Para ele, o café a cerca de 1 dólar por libra-peso na bolsa ICE não é “atrativo” para os concorrentes do Brasil, mas é um bom patamar para os brasileiros, que contaram ainda com o câmbio em máximas históricas ao longo do ano, de cerca de 6 reais, o que aumenta os ganhos na moeda brasileira.
“É uma verdade que nos últimos anos o café vem progressivamente capitalizando o produtor, e o produtor mais capitalizado vem reinvestindo na sua propriedade, não só em tecnologias de insumos, fertilizantes, manejo fitossanitário, mas ele vem investindo bastante em mecanização”, acrescentou.
Além das colheitadeiras, a mecanização no ambiente da pós-colheita fez com que os produtores deixassem as suas fazendas mais bem estruturadas para as adversidades climáticas, com a ampliação da estrutura de secagens das fazendas e uma aposta cada vez maior no diferencial da qualidade.

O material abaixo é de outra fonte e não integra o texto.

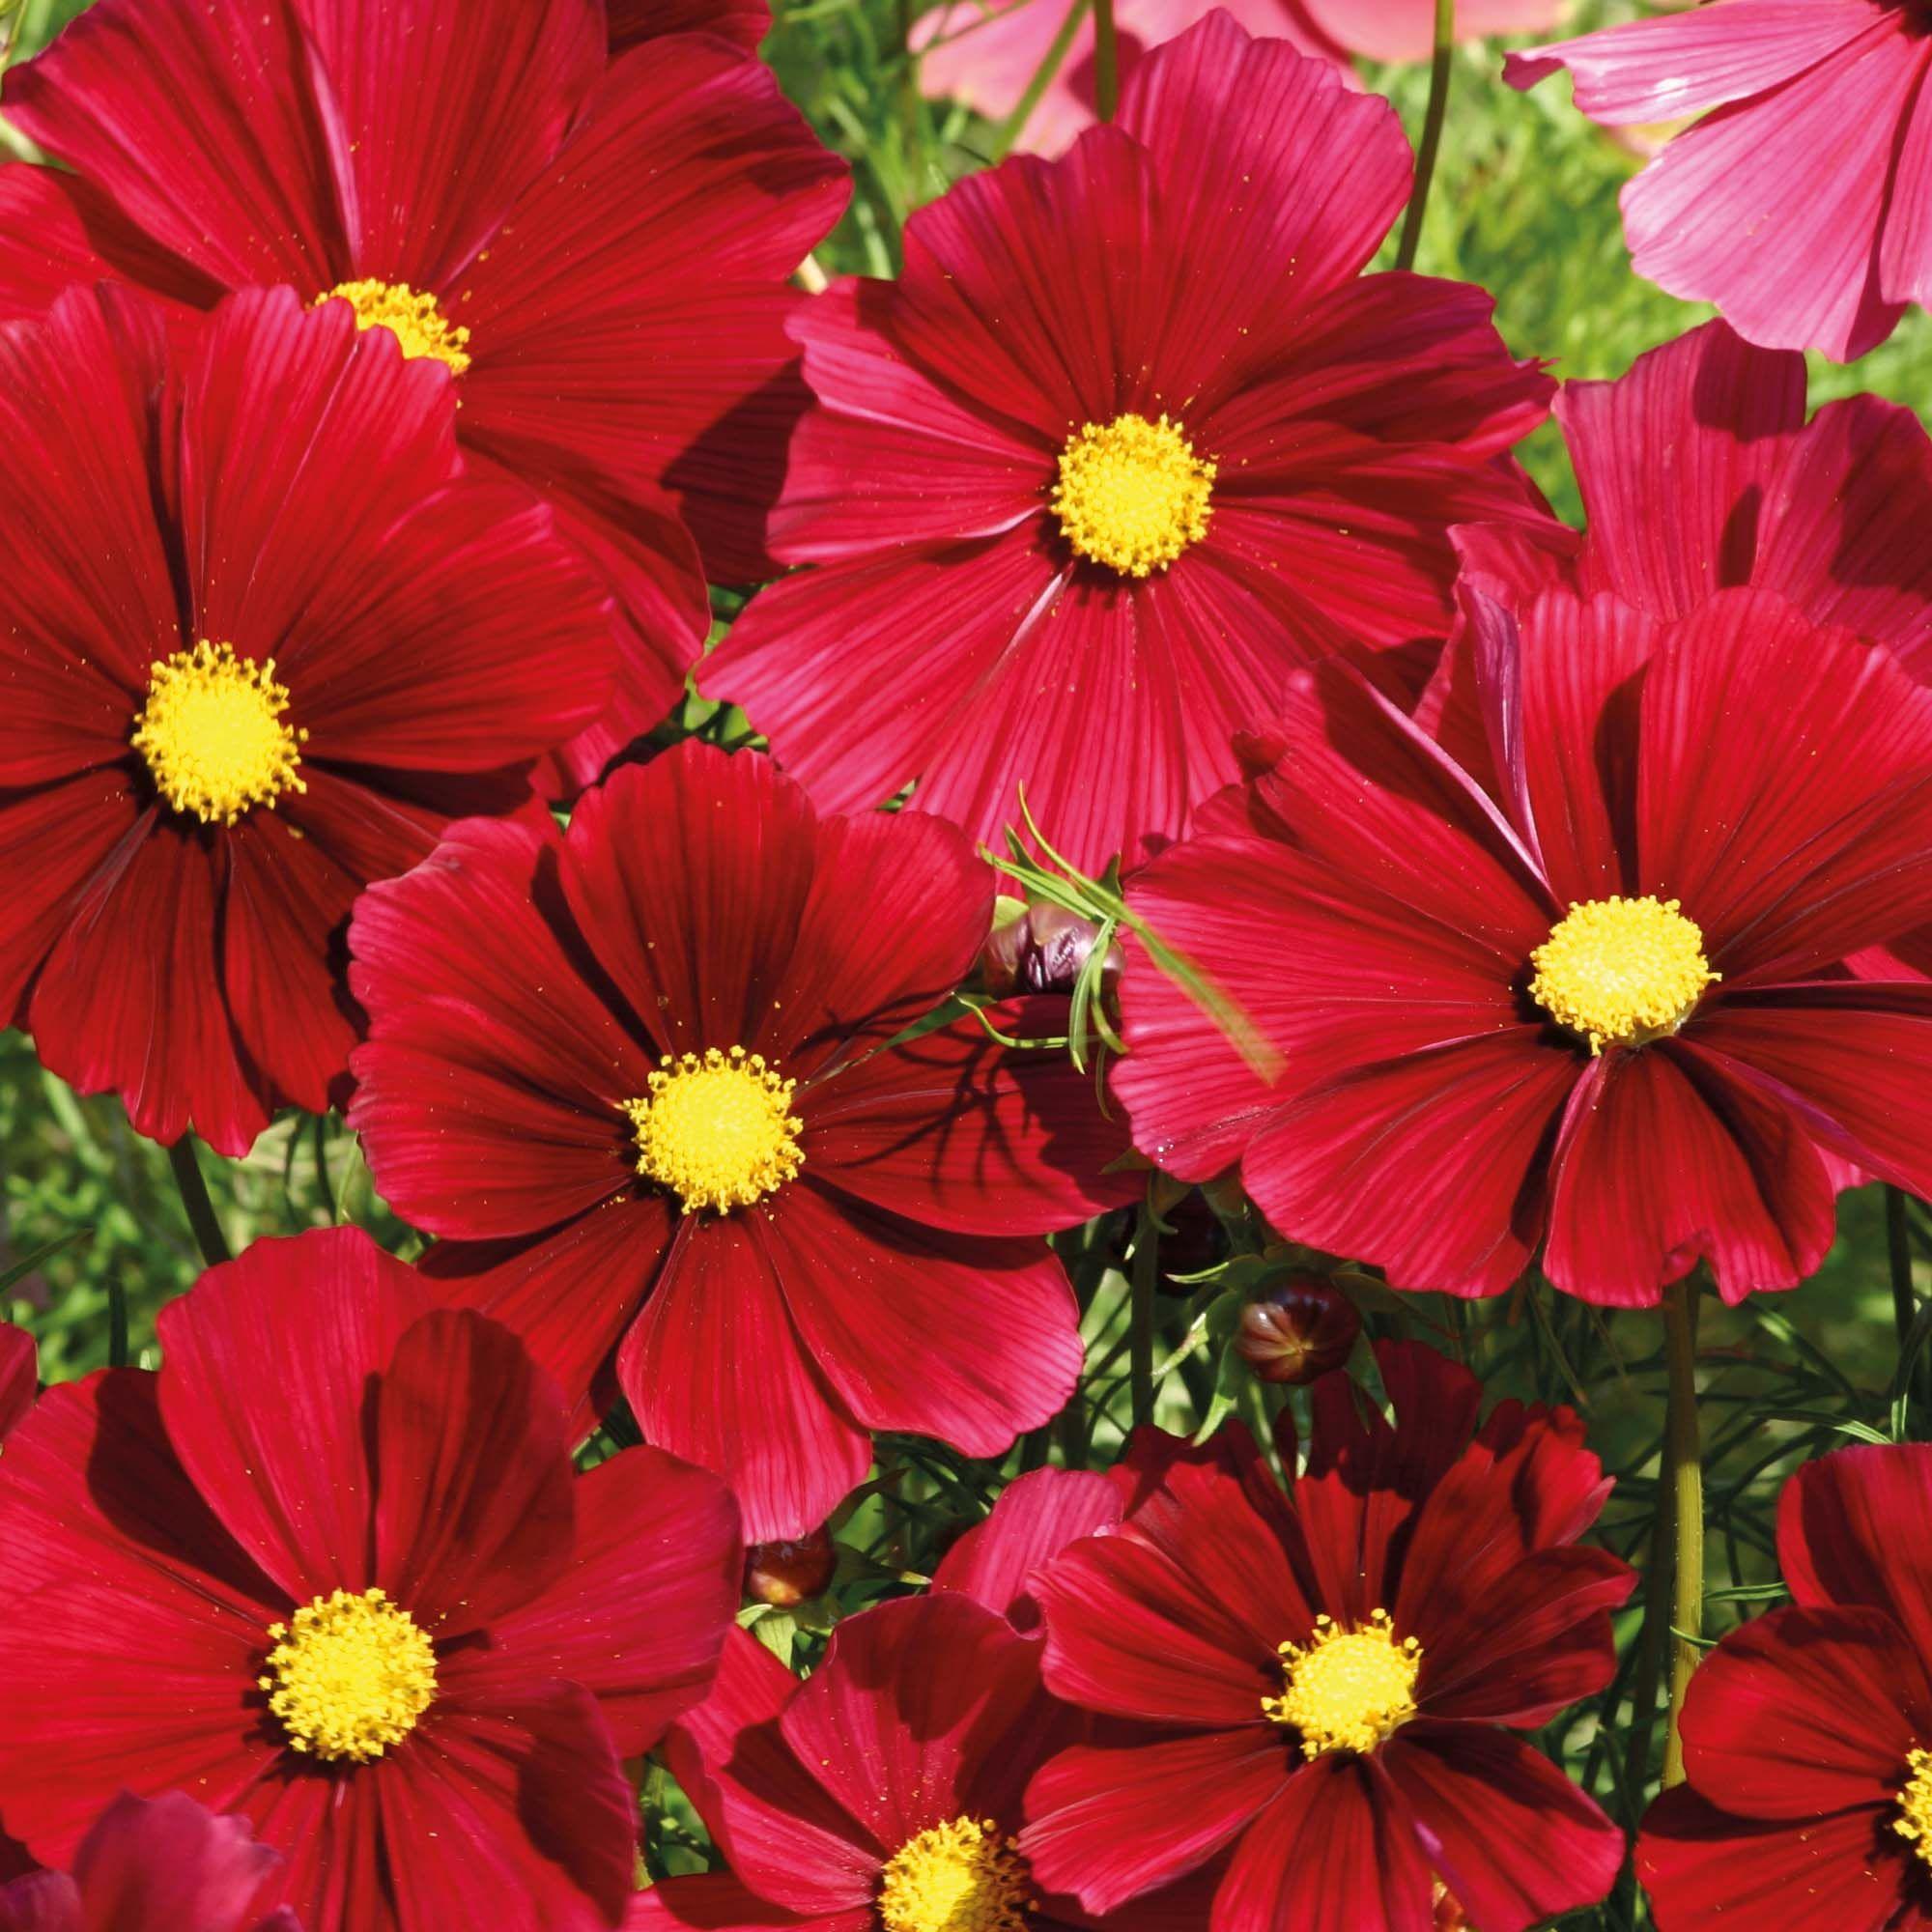 Cosmos bipinnatus rubenza cosmos seeds and gardens cosmos bipinnatus rubenza half hardy annual seeds thompson izmirmasajfo Gallery

“O produtor vem investindo fortemente nos separadores de verde e descascadores de ‘cereja'”, disse o executivo.
Com esse desenvolvimento da cafeicultura, afirmou Andrade, o Brasil se firma como a origem com maior capacidade de entregar ao mercado os mais diferentes perfis de bebida, “algo que um comprador internacional teria que buscar em inúmeros países”.
“Os produtores centro-americanos, colombianos e africanos estão perdendo fatias de mercado… hoje a qualidade que eles têm nós também temos”, confirmou o pesquisador Celso Vegro, do Instituto de Economia Agrícola (IEA), ponderando que o “cereja” brasileiro é tão bom quanto o grão lavado da Colômbia.
“A produtividade no trabalho ou no preparo é muito superior no Brasil, conseguimos altíssima qualidade a preço competitivo. E para coroar todo esse processo, o Brasil passou a ter também indicações geográficas”, acrescentou Vegro.
Segundo ele, se a Colômbia tem a sua tradicional marca Juan Valdez, o Brasil possuiu indicações geográficas, “o que permite que o mercado tenha interesse em descobrir o café brasileiro”.
“As regiões se organizaram para mostrar, não estão mais dependendo do exportador para vender lá em Santos”, disse ele, lembrando que há as origens do Cerrado Mineiro, Mantiqueira de Minas, Alta Mogiana, Norte Pioneiro do Paraná, Oeste da Bahia, Região de Pinhal, Campo das Vertentes e Matas de Minas, além do robusta amazônico, de Rondônia, e do conilon do Espírito Santo.